I see it at our printer when I see all kinds of printed emails. I see paper forms that have to be filled out by hand, some even with carbon, rather than digital versions. I see an organization that accepts email as the means of communication, but fritters time with HTML formatted messages or sending simple things like meeting agendas as attached Word documents when plain text would do just fine.

It is Negroponte’s distinction of bits versus atoms.

So my challenge to you this day forward it to think, act digital. Not everything has to be electronic (I still prefer my crumpled morning newspaper laid out on a table). But we need to step up and participate actively in this digital time, not shiver timidly on the sidelines. If you are struggling with how to do this, any of you with teen age children at home has live-in experts. You have in your student body a corp of programming, graphic, technical expertise that could rival a large university.

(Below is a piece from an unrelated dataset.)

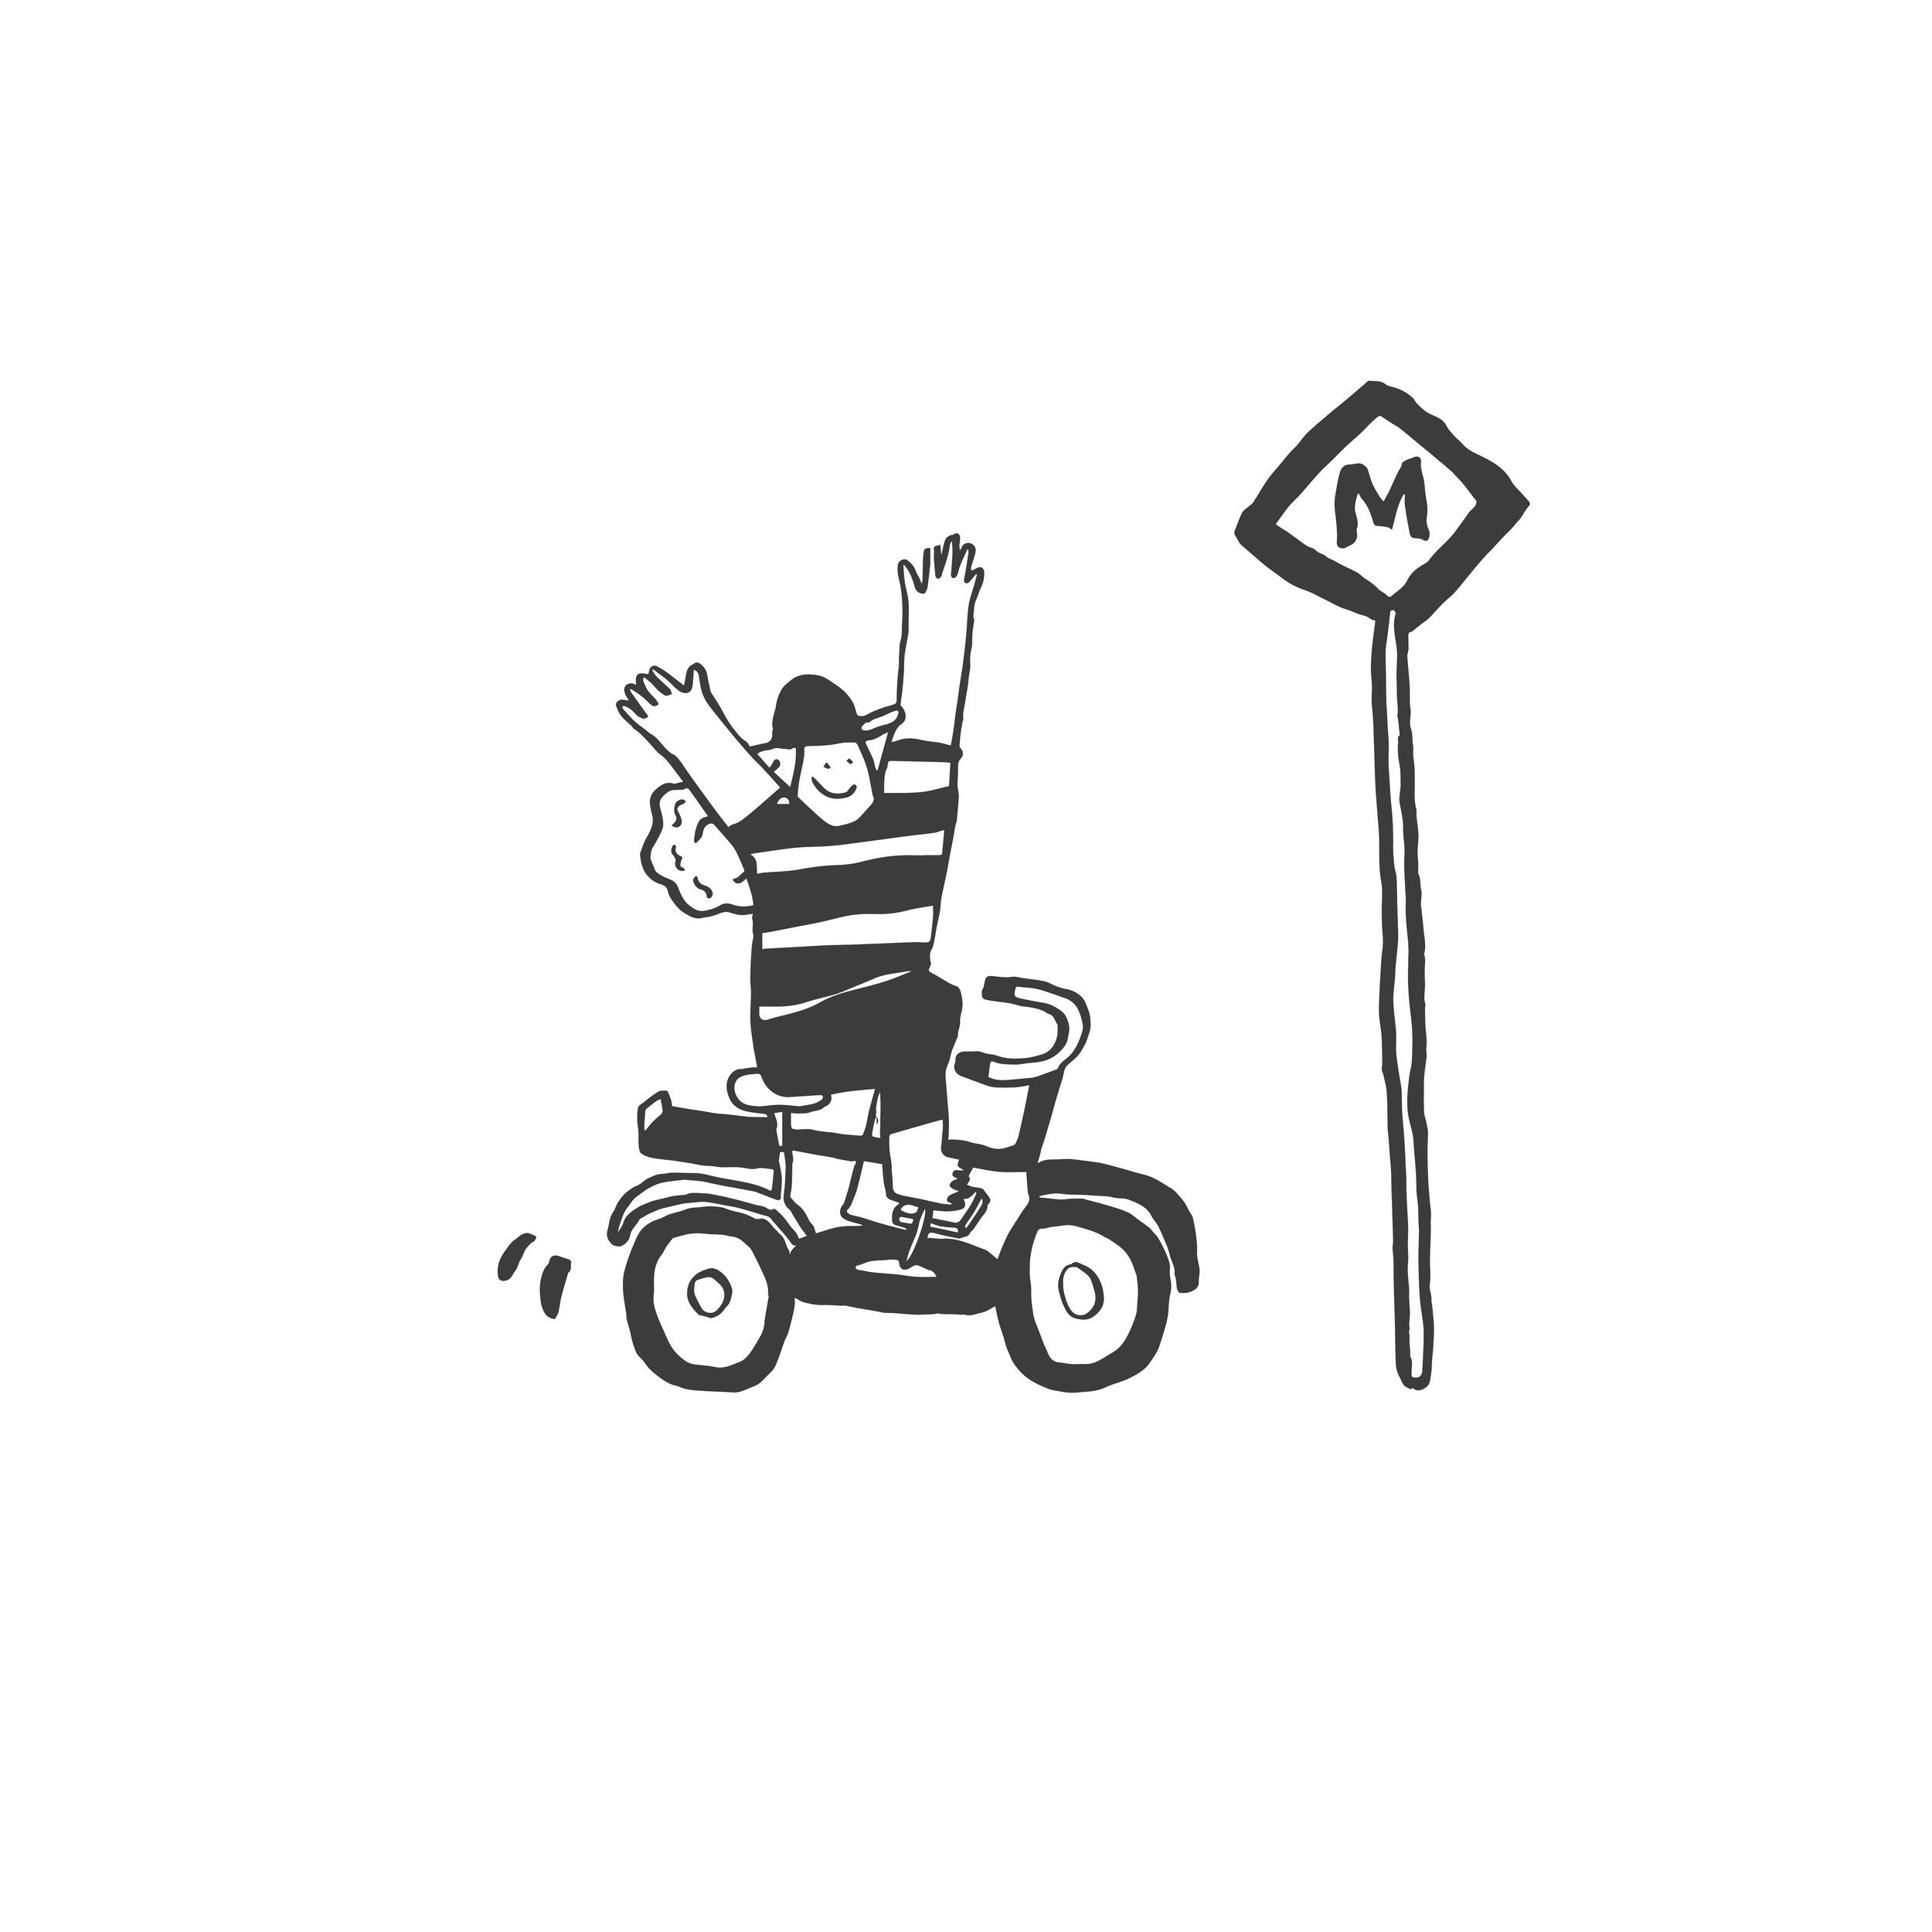 Ilustracions _ SENSE HORITZÓ-01-02.jpg

Had anyone noticed the number of sessions at this conference on digital video? I was at one yesterday and the room was packed.

The web did not take off and dominate the educational technology because of some grand plan, or strategic action– it did it because people found very personal and useful ways to use the technology, buth on the job and at home. Think Amazon.com, on-line travel planning, your grandmother emailing, digital cameras becoming main stream… the personal angle is very important, and is why you should be coming mindful to new things such as weblogs, RSS, wikis, etc.

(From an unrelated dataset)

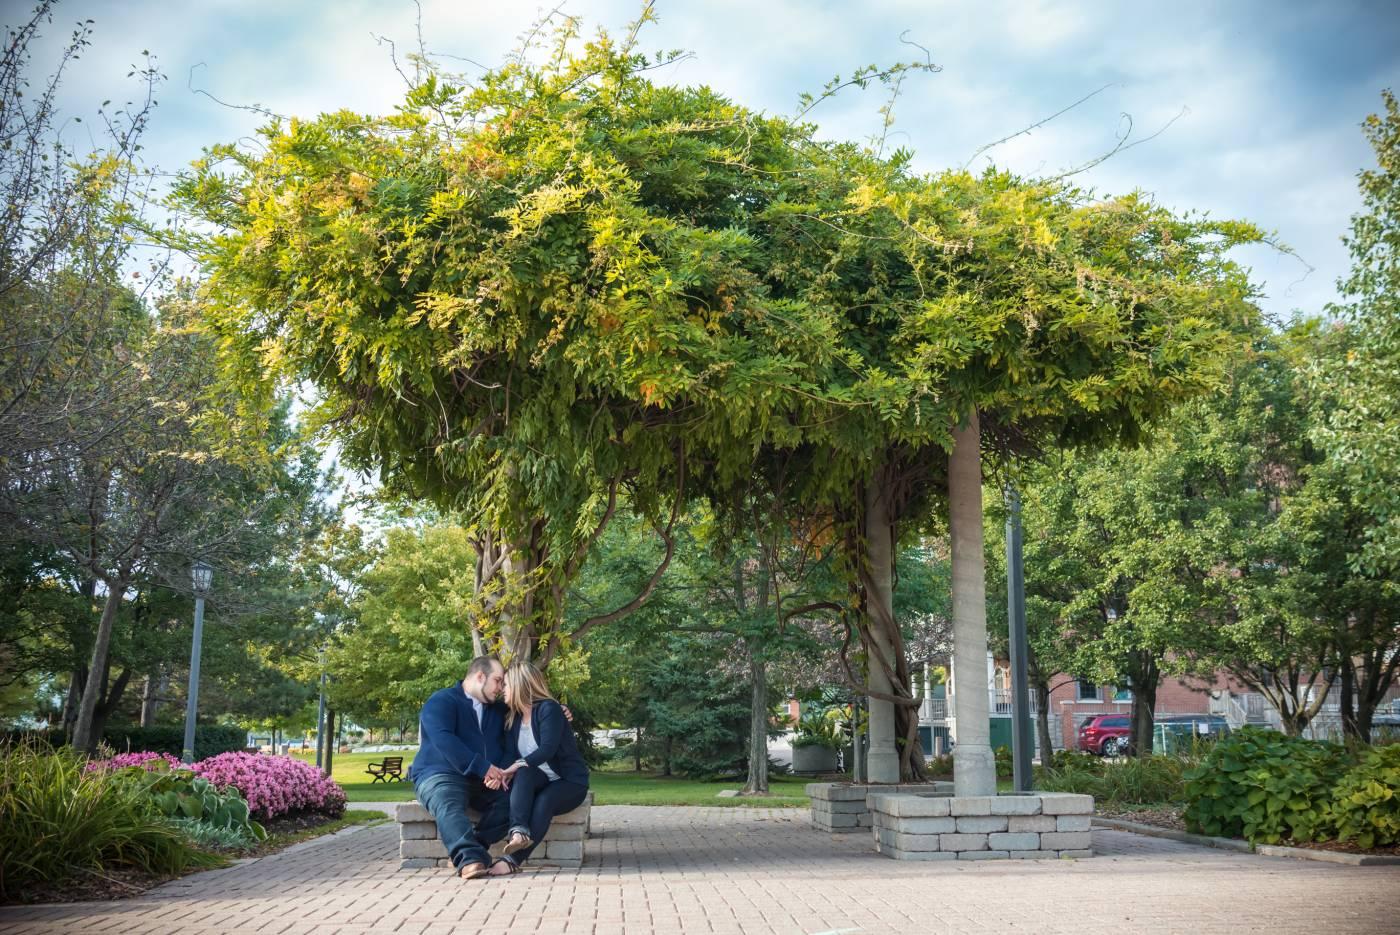 amherstburg Navy park engagment pictures Tanya Sinnett

So this is how you can take on the challenge– find a personal reason to do somthing digital. Research your geneology online. Go to blogger.com and set up a weblog. Set up a home wireless network. Take your digital camera pictures and create a DVD photo album. Take a digital storytelling class and learn the beauty of video editing.

I am encouraging you to tap into the creative aspects of technology, put aside the powerpoint presentations, the spreadsheets of enrollement analyses– and use the right side of your brain. This is where you will get into the craft of the tools and where you will find a way to put dents into Sturgeon’s Law.

Go create, and set up opportunities for faculty and staff in your system to participate.

I did this without props, and I am not sure what the reaction was– the group looked a bit deer in the headlights and was either under caffienated or missed my innuendos.

Oh well, I had fun. And I got a cool trinket- a cell phone charger that runs off the USB port of my laptop!